Both Mickey Mouse boots and bunny boots have an air valve on each of the boots. These air valves must be opened prior to flying to ensure that the air pressure differential between the walls of the boot and the outside air does not cause the boots to rupture.

The extreme cold weather boot is nicknamed after the snowshoe hare, which is commonly found near Fort Greely, Alaska. During the fall the hares' fur changes color from brown to white, allowing it to blend in with its winter surroundings. As winter gets closer, more and more hares appear with their new white "boots".[3]
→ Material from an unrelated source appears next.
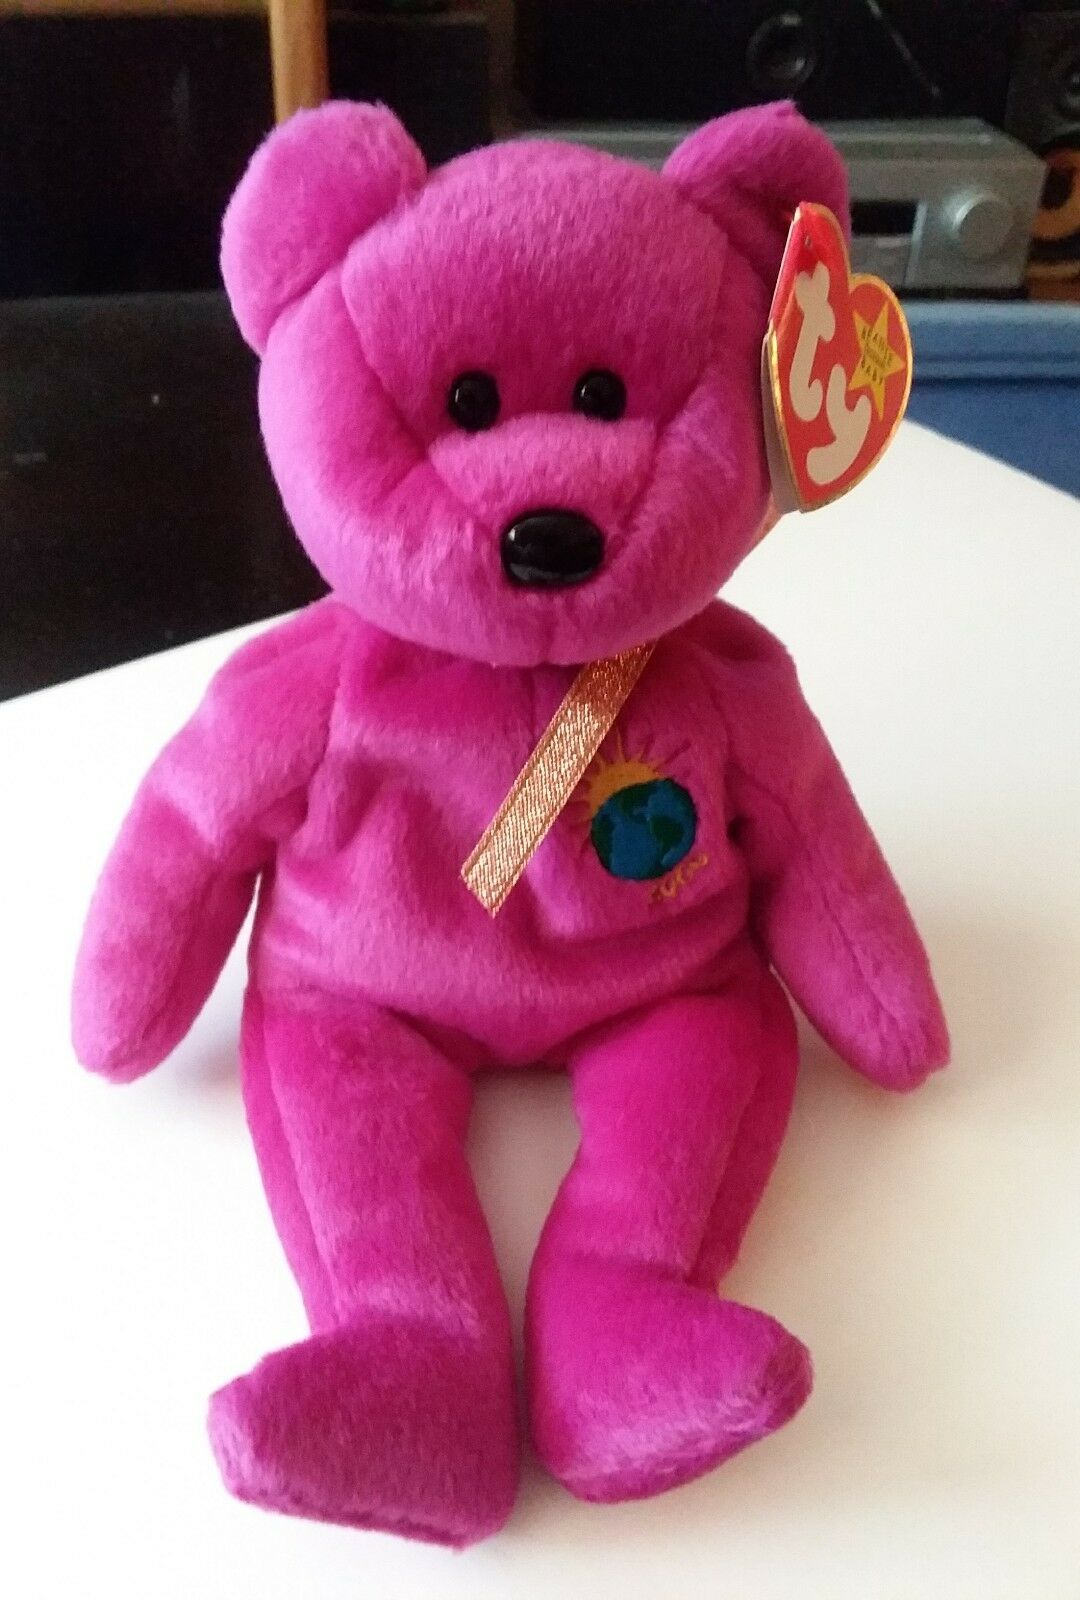 8421557bfaf Millenium Ty Beanie Baby with errors VERY RARE (Millennium) Bear ...

Both Mickey Mouse boots and bunny boots have rubber wedges on the front of the toe and the back of the heel. These wedges lock into military-standard ski and snowshoe bindings.

The air release valve on a bunny boot.


  1. ^ Charles P. Wohlforth (22 March 2011). Alaska For Dummies. John Wiley & Sons. p. 21. ISBN 978-0-470-88871-1. Retrieved 4 April 2012.
  2. ^ "History of Mickey Mouse Boots". October 14, 2016.
  3. ^ "FLASHBACK: The Bunny Boots from Bata -". Archived from the original on 2015-05-07. Retrieved 2015-04-28.